Предлагаемые заметки — попытка стенографически зафиксировать процесс перевода первых четырех строк «Руслана и Людмилы»:

У лукоморья дуб зеленый;

Златая цепь на дубе том:

И днем и ночью кот ученый

Все ходит по цепи кругом.

Исповедь моя довольно точно воспроизводит ход мыслей во время работы и, надеюсь, явится любопытной иллюстрацией метода, каким пользуется автор, переводя Пушкина. Метода, как выяснится в дальнейшем, безуспешного, ибо перевести четверостишие не удалось, но все же поучительного, поскольку и на ошибках учатся.

Итак, четверостишие передо мной. Пожалуй, лет тридцать я знаю эти строки наизусть и все же перечитываю их вслух. Касательно ритма, который хотелось бы передать верно, сомнений не возникает. Касательно образа — живописная сцена у меня перед глазами. Остается приступить к работе. В первую очередь все внимание «лукоморью». Это изгиб морского берега, sinus maris.
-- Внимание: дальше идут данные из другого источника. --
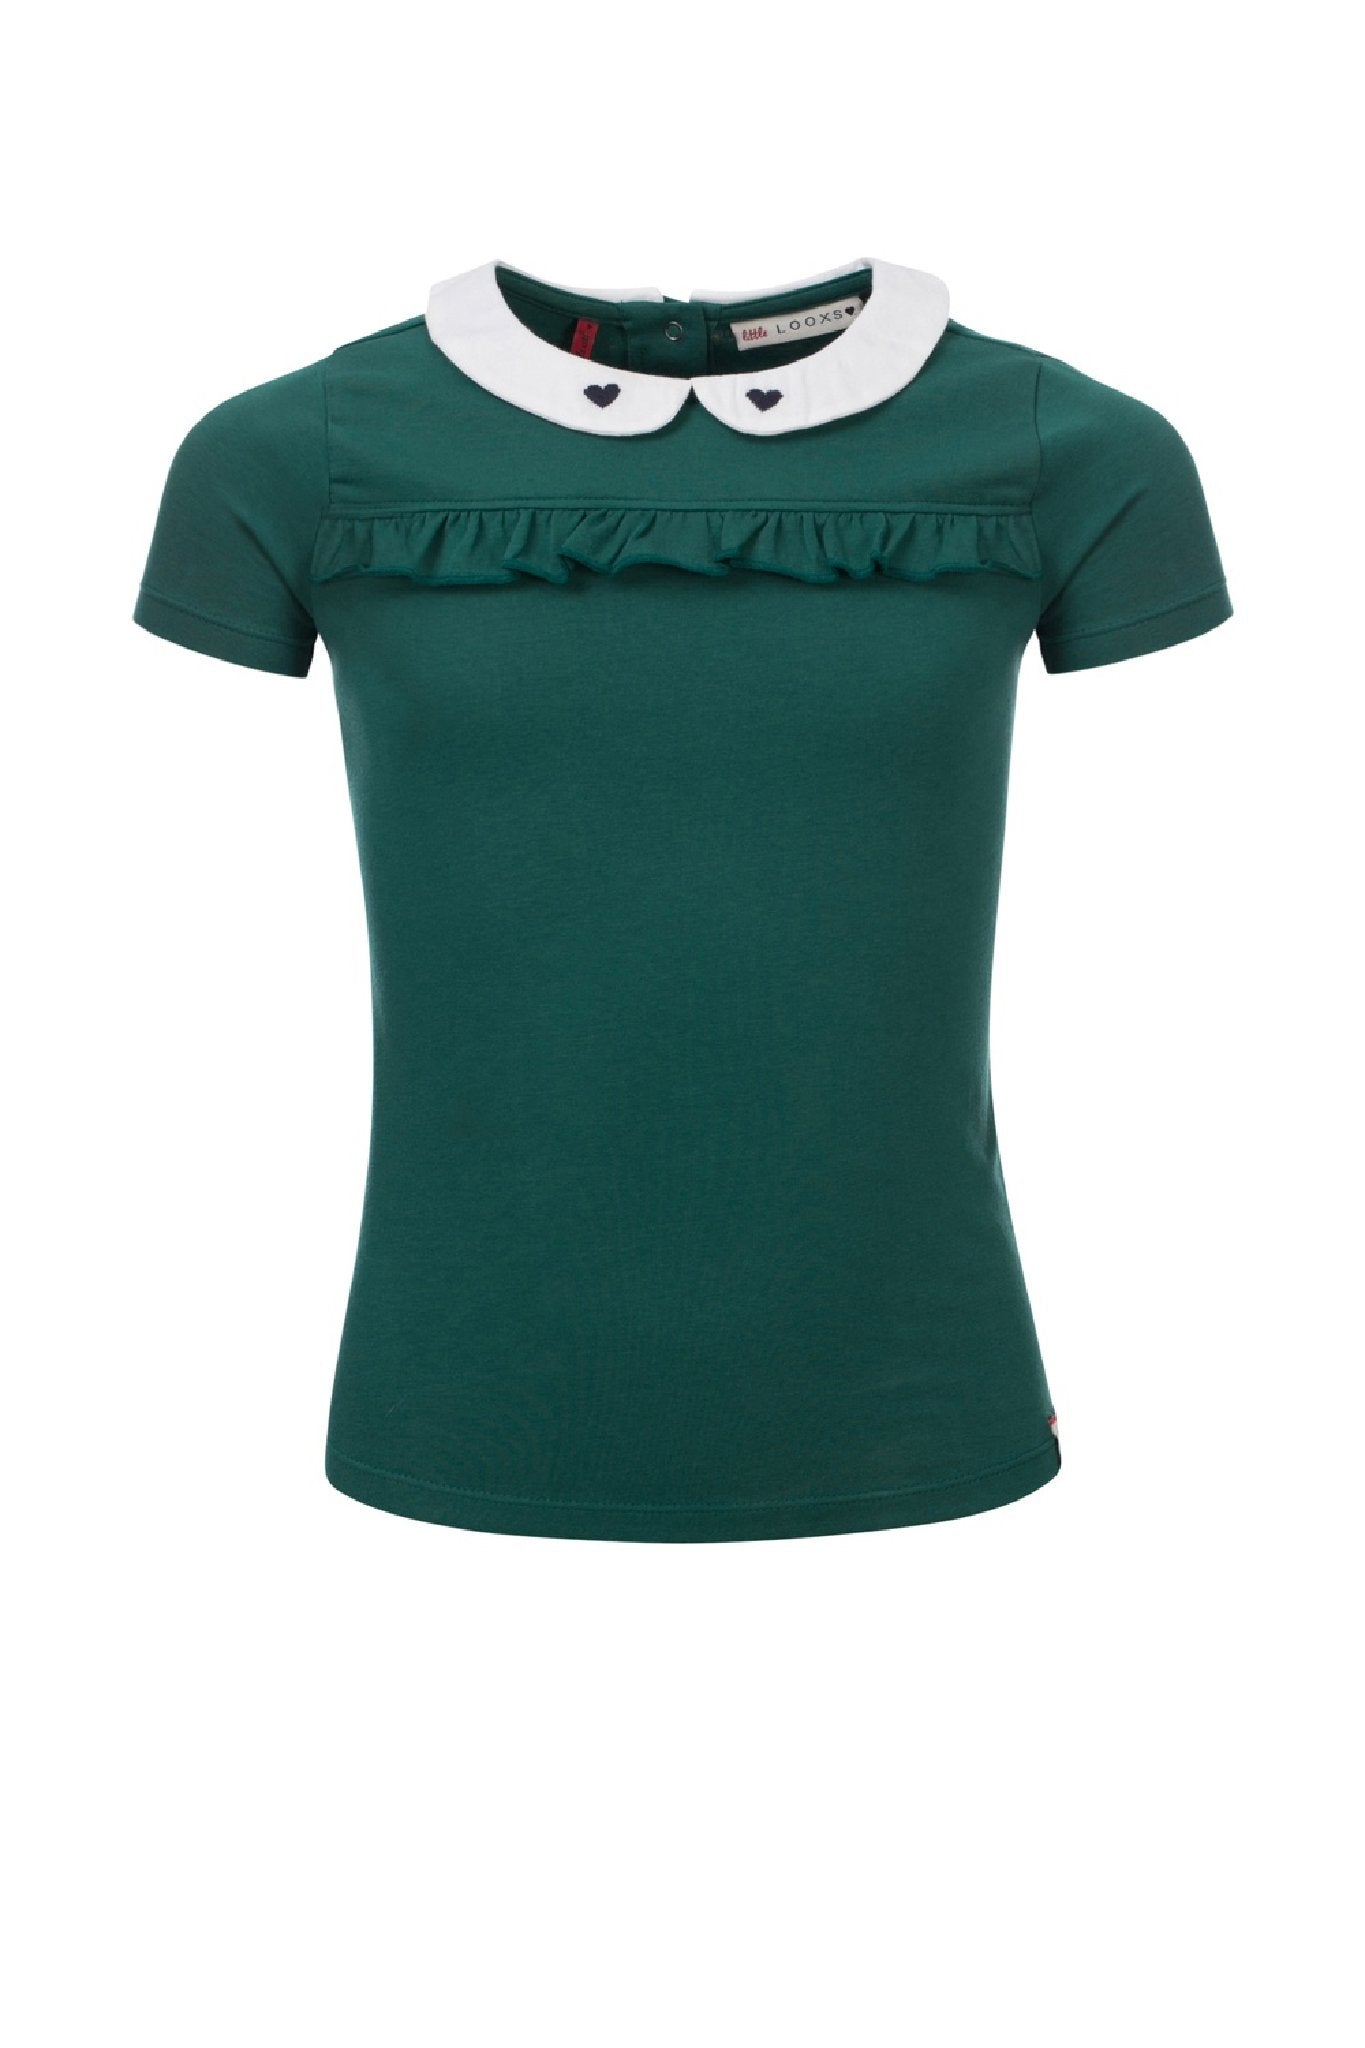 Meisjes Little collar t-shirt s.s van LOOXS Little in de kleur Palm in maat 128.

Иначе — залив. Пленительное слово. Само по себе — независимо от значения — сказочное, фантастическое, редкое. Даже зеленое, ибо русский «лук», «молодой лук» — польская zielona cebulka. Луг (по-польски ląka, łęg) Тем, кто не читает по-польски, но хочет представлять себе звучание слов в этом тексте, рекомендуем воспользоваться функцией «прослушать» на сайте translate.google.com тоже зелен. Вдобавок ко всему вспоминается свеже-зеленая обложка дореволюционного русского иллюстрированного журнала под названием «Лукоморье». Мелькнувшие ассоциации безусловно определяют будущий облик польского эквивалента, и не следует недооценивать этих факторов, этой подсознательной деятельности образов и ощущений. Как же быть с необыкновенным «лукоморьем»? Создать новое слово? Łukomdże, łękomorze или просто — łukomor? Nad łukomorem? Przy łukomdżu? Нет. Это линия наименьшего сопротивления, подозрительная дословность. К тому же łukomor отдает мухомором. Польская zatoka (залив) — не совсем то, что нужно. Слишком уж простое слово (Пушкина «залив» не устроил, он выбрал необычное, некаждодневное «лукоморье»).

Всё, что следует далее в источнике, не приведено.